Woods also errs in not addressing Governor Deal’s concern that the quality of AP courses could suffer under a maximum-participation plan. Students have to pass their AP courses (but not the AP exam) for the schools to get the CCRPI credit. So opening AP to underprepared students will likely lead to grade inflation, as many won’t achieve mastery of AP curricula but schools will still want them to pass and graduate. This will compromise the integrity of AP content and standards and disadvantage those students who would otherwise do well on the AP exams.
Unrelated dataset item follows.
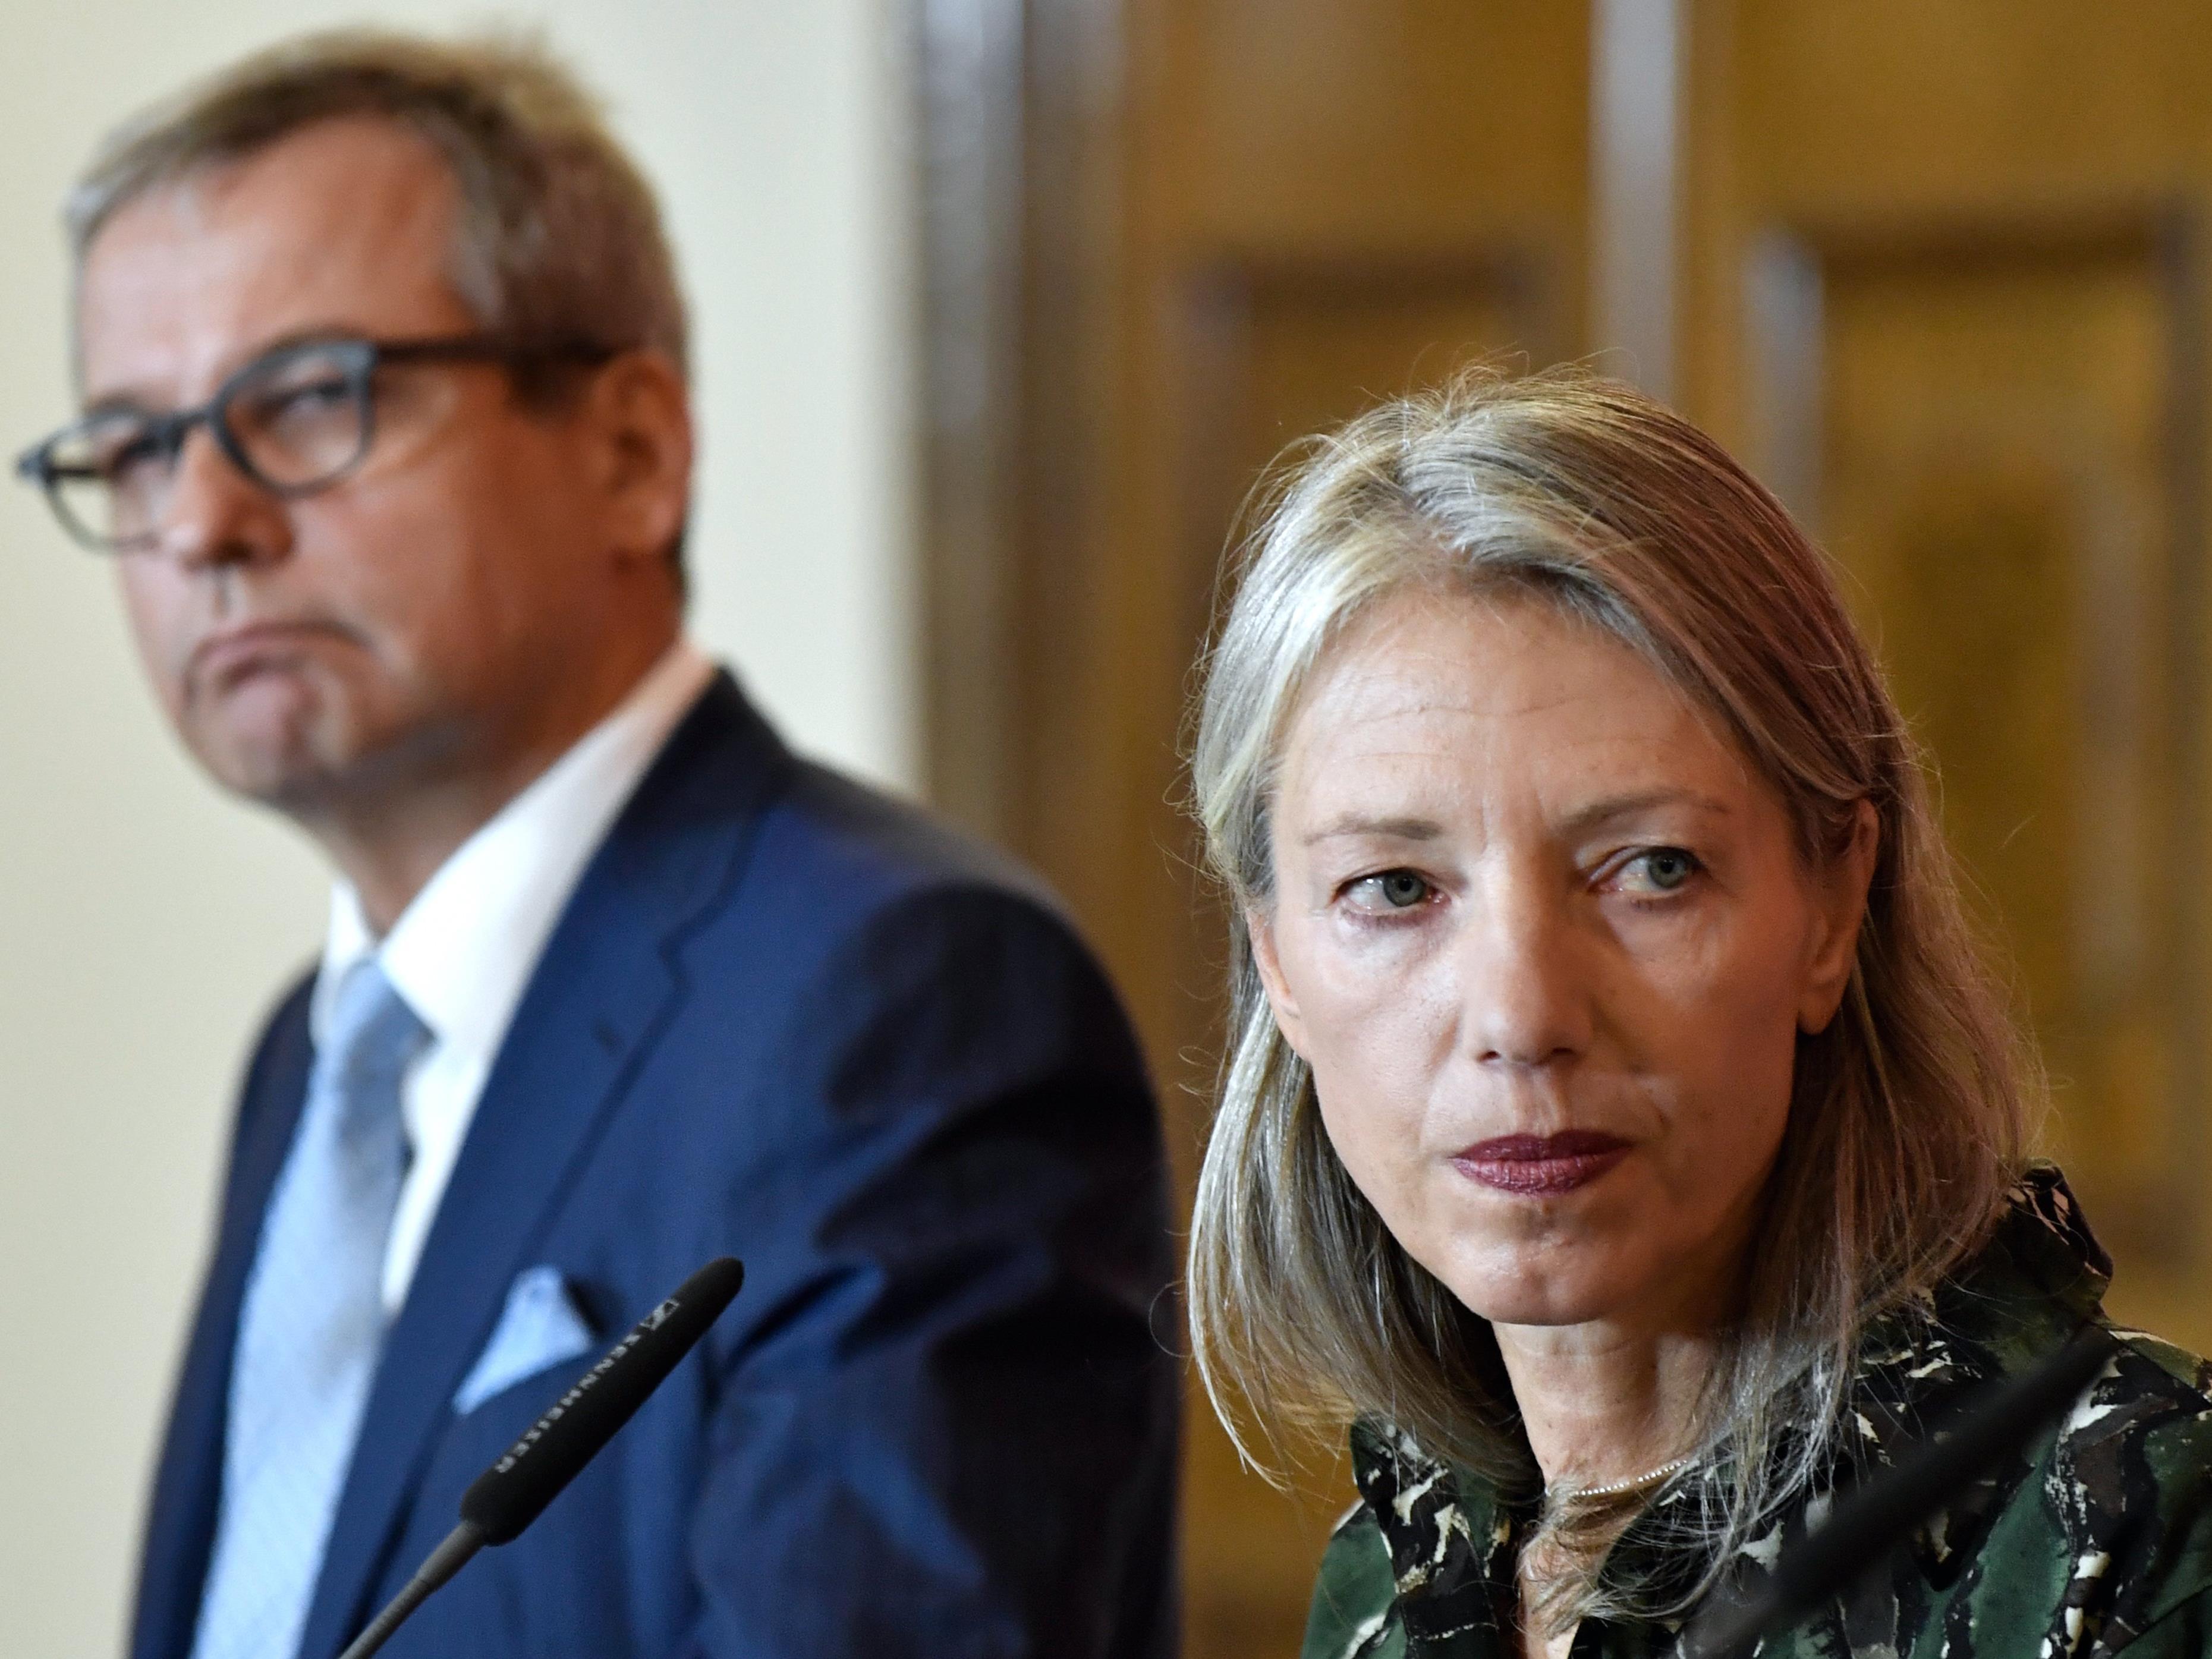 Wolfgang Bergmann und Stella Rollig, die neuen Chefs des Wiener Belvedere.

Georgia’s ESSA plan, which does not require the governor’s approval, has already been submitted to Washington, so the AP policy is probably set. Yet Georgia and other states that have chosen to reward AP participation can still discourage schools from recklessly expanding their AP programs. They should hold schools accountable for disparities between the number of students passing AP courses and the number taking and passing AP exams, setting norms for what kind of “honesty gaps” are unacceptable.
Organizations like U.S. News & World Report and the College Board can also help rein in such abuses by better using AP exam data in their analyses. Instead of celebrating states and schools that simply increase the number of graduates that pass a single AP exam, for example, reward schools for increasing the total amount of qualifying scores achieved by their graduates—or the number of college credits that those graduates later earn.
As questions are raised about the true benefits of increased access to AP courses, it is important for state policymakers and district-level administrators to understand that such benefits are likely inseparable from AP exam performance. It’s important that leaders hold schools accountable for maintaining the integrity and quality of their AP courses as they aim for increased participation in them.
Jeremy Noonan is a father of four school-age children and a certified science instructor in Georgia, who has taught for ten years in public school, private school, and home school cooperatives. He also runs Citizens for Excellence in Public Schools, a local education advocacy group.
The views expressed herein represent the opinions of the author and not necessarily the Thomas B. Fordham Institute.